Heineken Net Profits Up 20% in H1
Van Boxmeer: “The integration of Scottish & Newcastle and our other newly acquired businesses is now completed. There are clear signs that our specific plans to improve profitability in each of these businesses and to strengthen our long-term market position in the UK are bearing fruit.”
26 Aug 2009 --- Heineken N.V. has announced strong organic net profit (beia) growth of 12%, despite lower volumes, driven by robust pricing and cost reductions. Net profit (beia) amounted to EUR483 million, diluted by financing costs related to acquisitions. Net profit was 20% higher at EUR489 million due to organic growth and an exceptional gain on the purchase of Globe notes and bank debt;
The company announced that its UK performance was encouraging driven by market share gains, sound pricing and cost reductions. There were EUR50 million of cost savings from Total Cost Management programme; which equates to annualised savings of EUR120 million.

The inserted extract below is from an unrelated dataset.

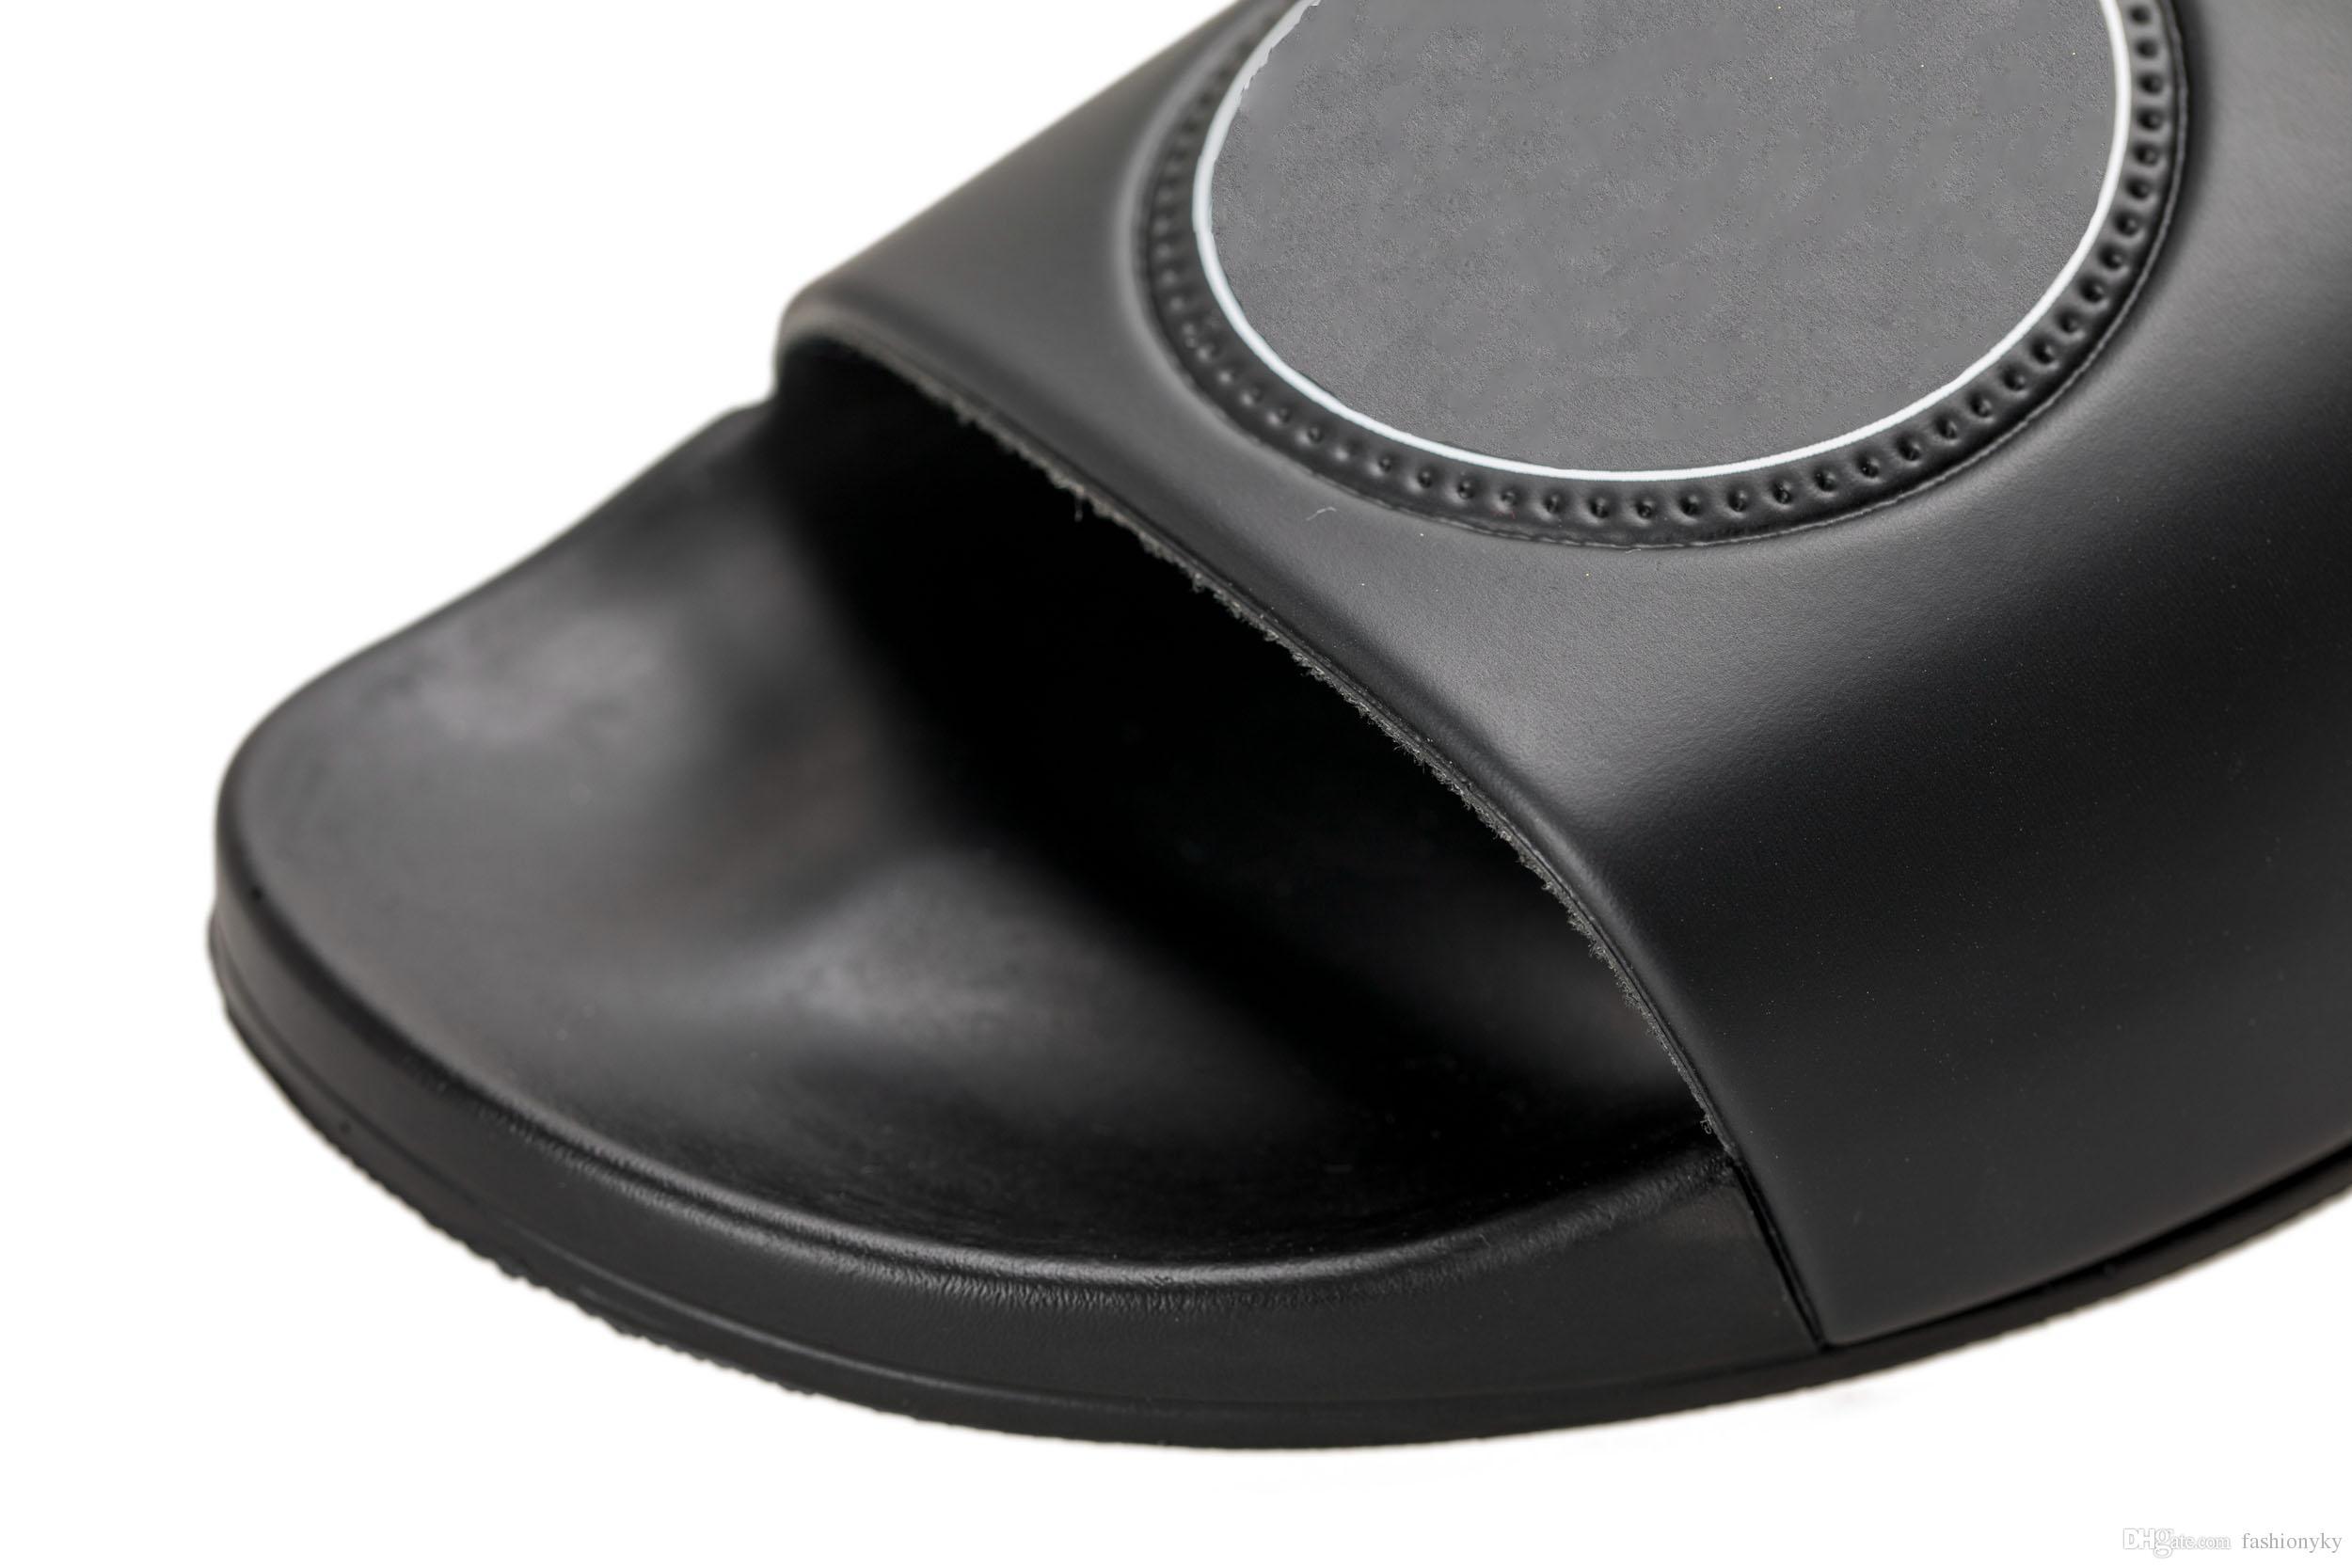 c7c278f3a1b New product hot brand Men Beach Slide Sandals Medusa Scuffs 2018 Slippers  Mens Beach Fashion slip-on designer sandals

Jean-François van Boxmeer, Chairman of the Executive Board and CEO, commented: “This has been a strong first half performance, confirming that our value strategy is delivering results. The strength of our brand portfolio has enabled us to support our margins, achieving a stable top line performance despite lower volumes.”
“Our rigorous Total Cost Management programme is delivering early results, with annualised savings of EUR120 million achieved. We see substantial opportunity to drive down our cost base in the second half of the year and beyond. Focused actions by our management teams to improve profitability, reduce capital expenditure and control working capital has improved our free operating cash flow by more than EUR500 million.”
“We continue to prioritise investments where we see opportunity to grow the value of our operations. This is demonstrated by double-digit revenue and EBIT (beia) growth in our African region and the organic profit growth in Western Europe. We have maintained the price positioning of our brands with the Heineken brand outperforming the overall portfolio.”
“The integration of Scottish & Newcastle and our other newly acquired businesses is now completed. There are clear signs that our specific plans to improve profitability in each of these businesses and to strengthen our long-term market position in the UK are bearing fruit.”
“The economic and trading conditions remain difficult, and there will be continued pressure on volumes in the second half of 2009. However, our focus on brand building, prioritised investment and rigorous cost reduction will continue to deliver value in the second half of the year.”
Heineken said it remains cautious on the development of global beer consumption and expects year-on-year volume declines in many markets in the second half of 2009 as a result of rising unemployment and lower disposable incomes. However, Heineken expects the rate of decline to ease towards the end of 2009 due to less demanding comparisons. The Africa and Middle East region is expected to continue to perform well albeit at a lower growth rate than in the first half of the year.
Heineken will continue its focus on brand building, cash flow generation, debt reduction, cost reduction, and improving the performance of newly acquired companies. The company will maintain the price position of its key brands. All main brands will be supported by the appropriate level of marketing investments. Better pricing will continue to have a positive effect, although the impact will be less than in the first half of 2009. In markets with high inflation or margin deterioration, the company will aim to maintain its pricing position in the second half of the year. For the second half, Heineken expects the negative currency impact on results, especially of the US dollar, Nigerian naira and Polish zloty, to be larger. The Total Cost Management programme will continue to deliver cost savings in the second half of the year, which will help to drive margins. As a result of the above, Heineken expects organic net profit (beia) growth for the full year of 2009 to be at least high single-digit.